In other words, the proportion of those who strongly agreed to the statement was 0.075 or 7.5%. It can also be stated that the probability of selecting a survey respondents who strongly agreed to the statement from the cases in the data was 0.075.
“Age” [age] was treated as an interval level variable in this survey. When we use interval level variable, it is sometimes useful to recode the original variable into another variable that is easier to interpret. Following slides explain how to recode these variables.
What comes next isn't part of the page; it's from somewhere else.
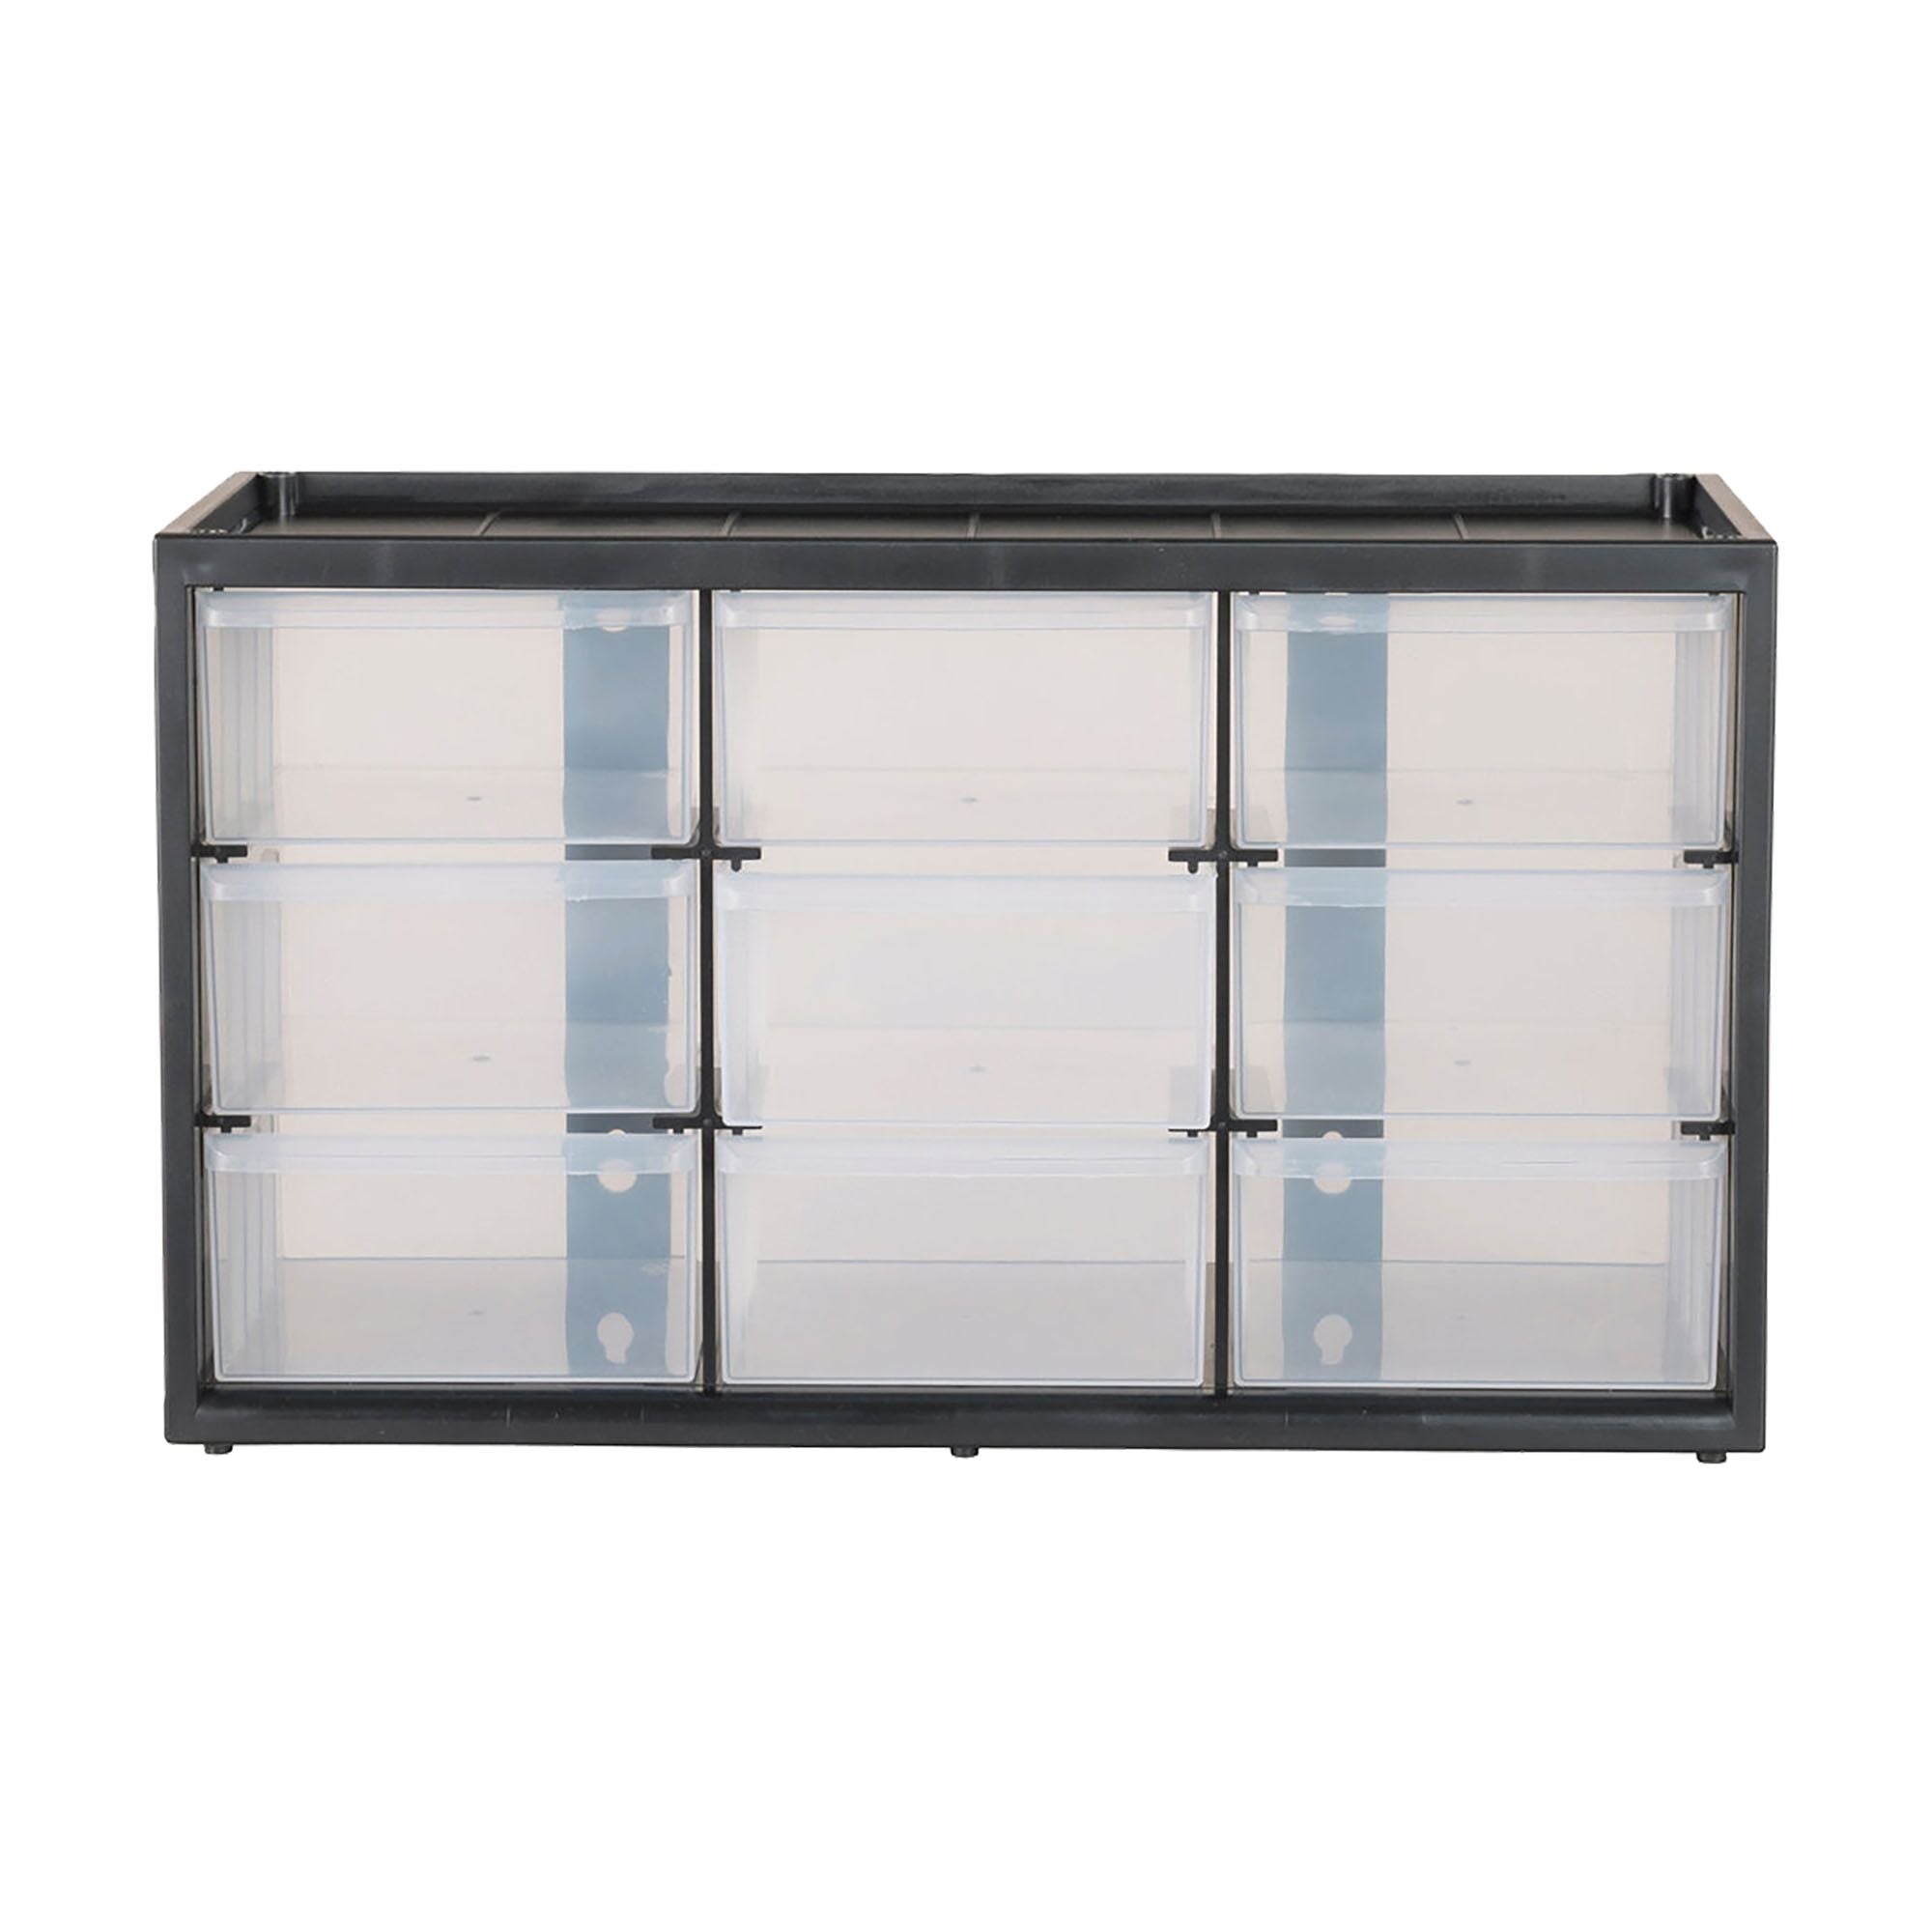 CRAFTSMAN Large Storage Organizer, 39 Compartment, Plastic (CMST40739)

You can recode a variable into another variable using
Transform > Recode > Into Different Variables .
(>Into Same Variables basically do the same job but overwrite the original variable with the recoded one.) Now, you will see a new window as shown in the next slide.
First, find and select the variable you want to recode by clicking on the variable label.
Second, click on the side-faced triangle between the boxes.
First, type in a new variable name [rc_age] and label “recoded age variable” in text boxes in the Output Variable section and click on Change button.
Second, click on Old and New Values button to assign recoded numbers for the new variable.
First, in the Old Value section of the new window, click on Range radio button and then type in the values you want to recode.
Second, on the right hand side, make sure you clicked the Value radio button and type in a new value that you want to assign to the value range you set in the Old Value section. Now, click on Add button.
Once you finish assigning the new values to the corresponding old values, click on Continue and then OK in the next window.
Now you will see a new variable “recoded age variable” [rc_age] in the Variable View window. However, it is always a good idea to assign a value labels to the recoded variables because you might not remember exactly what these numbers meant originally, let’s say, a year later.
Recall how you examine value labels in the last class. Click on Values cell for the recoded variable [rc_age] and then a gray square button.
In the Value Labels window, type in a number for the new variable in the Value textbox and description of the value in the Value Label textbox. Then, click on Add button. Once you finish it for every value in the new variable, click on OK button.
Scroll down to find and select the recoded age variable [rc_age]. Click on the triangle and, then, OK button.
Recalling we are interested in the number of survey respondents who were 50-59 years of age, it is 105.
There are a few points that need to be mentioned. First, notice that numbers for Percent (19.2) and Valid Percent (19.3) of “age 40-49” are different. It is because of 4 missing cases as shown at the bottom of the table. It should be noted that the Valid Percent was calculated with the valid survey responses (i.e., 128/664=0.193) as denominator while the Percent was calculated with total survey responses (i.e., 128/668=0.192).
Second, Cumulative Percent provides an additional information especially when the variable of interest is ordinal or interval. For example, the cumulative percentage of survey respondents who were 10 to 49 years of age was 60.1%. In other words, the proportion of survey respondents who were 10-49 years of age was 0.601.